Not much to speak of for the rest of the week. Wed was a good massage, working on my quads and such. Tight, but they loosened up. Then a very nice yoga session.


Saturday, April 26, 2014

Transplant Trot

I know a few people that have been transplant recipients or donors. One of the most remarkable stories I know of is my buddy Sophia. It turns out that when she needed a kidney, her husband was an eligible donor. Imagine the odds! That was 8 years ago now. Her life has changed in so many ways I can barely enumerate them, but they start with life itself. She might not still be here without that transplant.

Today was the first run event for transplants, and since she took up running a while ago, it's no surprise she wanted to take part. So what if it was snowing? There she is in the middle of the pack.

Here is my cheering partner today. There were bells. There were matching pom-poms. To say nothing of coffee and cameras. Go here to see the matching one of me and many others, should you be so inclined. 

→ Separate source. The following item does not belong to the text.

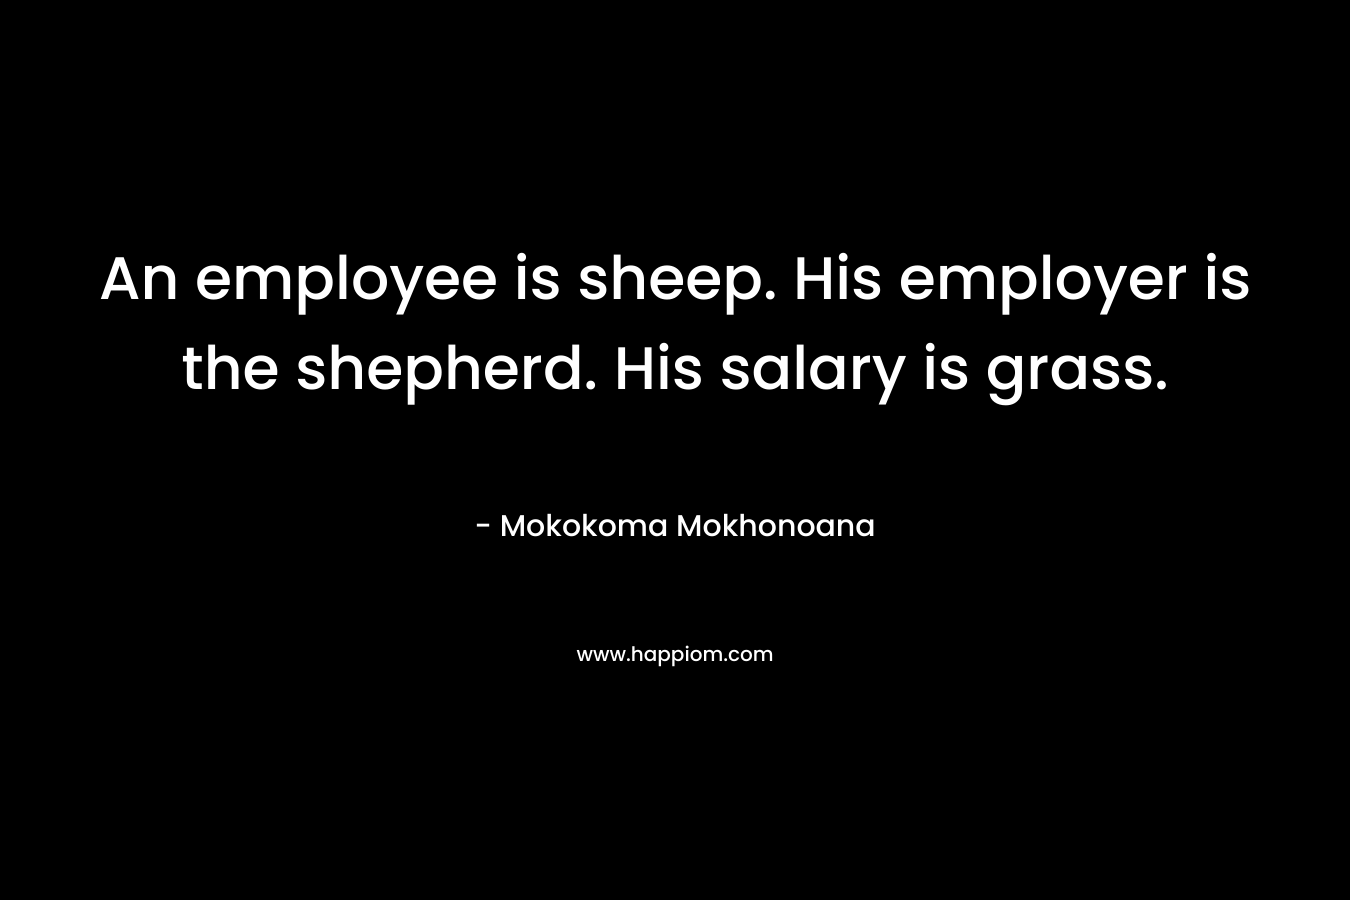 An employee is sheep. His employer is the shepherd. His salary is grass. – Mokokoma Mokhonoana

Here is Sophia booking it to the finish. If the camera had fired a fraction of a second sooner, she would have both feet off the ground for sure. Michelle has video, not sure where it's been posted. Maybe later.

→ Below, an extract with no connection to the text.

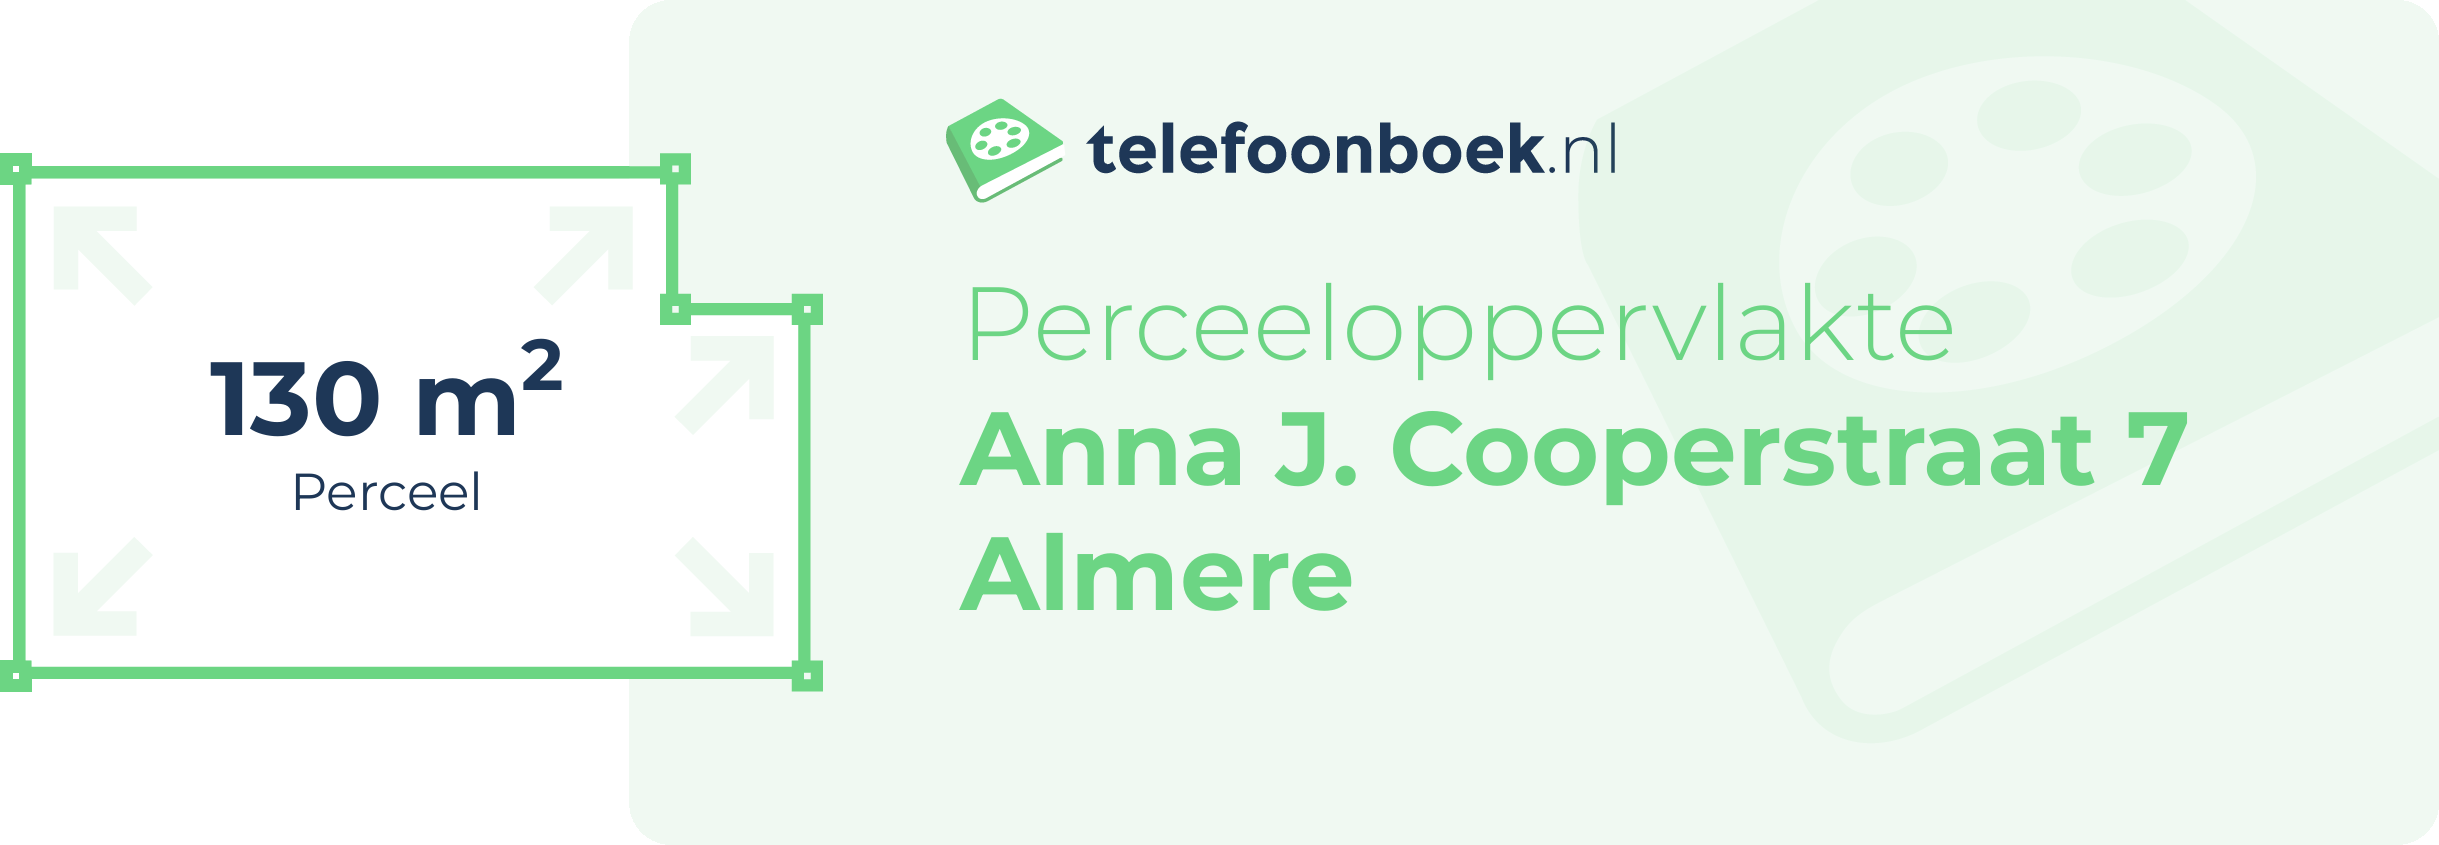 Perceeloppervlakte Anna J. Cooperstraat 7 Almere

It was a wet and soggy day out there. One girl came in with the entire back half of her pants covered in mud. Sophia just had a tasteful amount of splashing. I didn't get a photo, but many people had a cute little patch of snow on their hats or hair just at the centre of their forehead.

You can't really see how muddy her shoes are. As we were driving home we could see where some of the run path was, and I'm glad I wasn't there.

We sat and chatted after the race, having a wonderful time! At one point Michelle was talking about the various issues with cameras, and that one of them wouldn't even turn on. There they are laid out, and just as I gook the picture the one camera turned on and pushed up the lens after having sat there quite some time.

 I've signed some paperwork in my wallet about organ donation, but that doesn't seem to be good enough anymore. The Alberta government has a new website up to register. I took a quick look, and plan to go back and get properly registered. I urge you to consider it as well.

Which leads to another thought. I fail to understand why we need the registry in the first place. It ought to be the standard practice upon death to use whatever material can be salvaged. After all, they're dead and don't need it anymore. If you don't want that to happen, then you should be the one going through the hoops to prevent it. A living registry makes sense, I guess, in that it's a way to match up a willing donor to someone in need.

In other news I'm feeling much better. My cold is gone, yay! Sophia wants to run 18 K with me after the Police half tomorrow, but I don't know. My quad and knee are still feeling a bit funny after some of the furniture moving on Wednesday. I think I'll head downstairs to do some stretching.

Yes, it's a spring snowstorm out there, which is kind of typical here. Lots of people complain, but I don't really mind. It's all moisture into the ground, and Alberta tends to be a dry place. When it isn't flooding.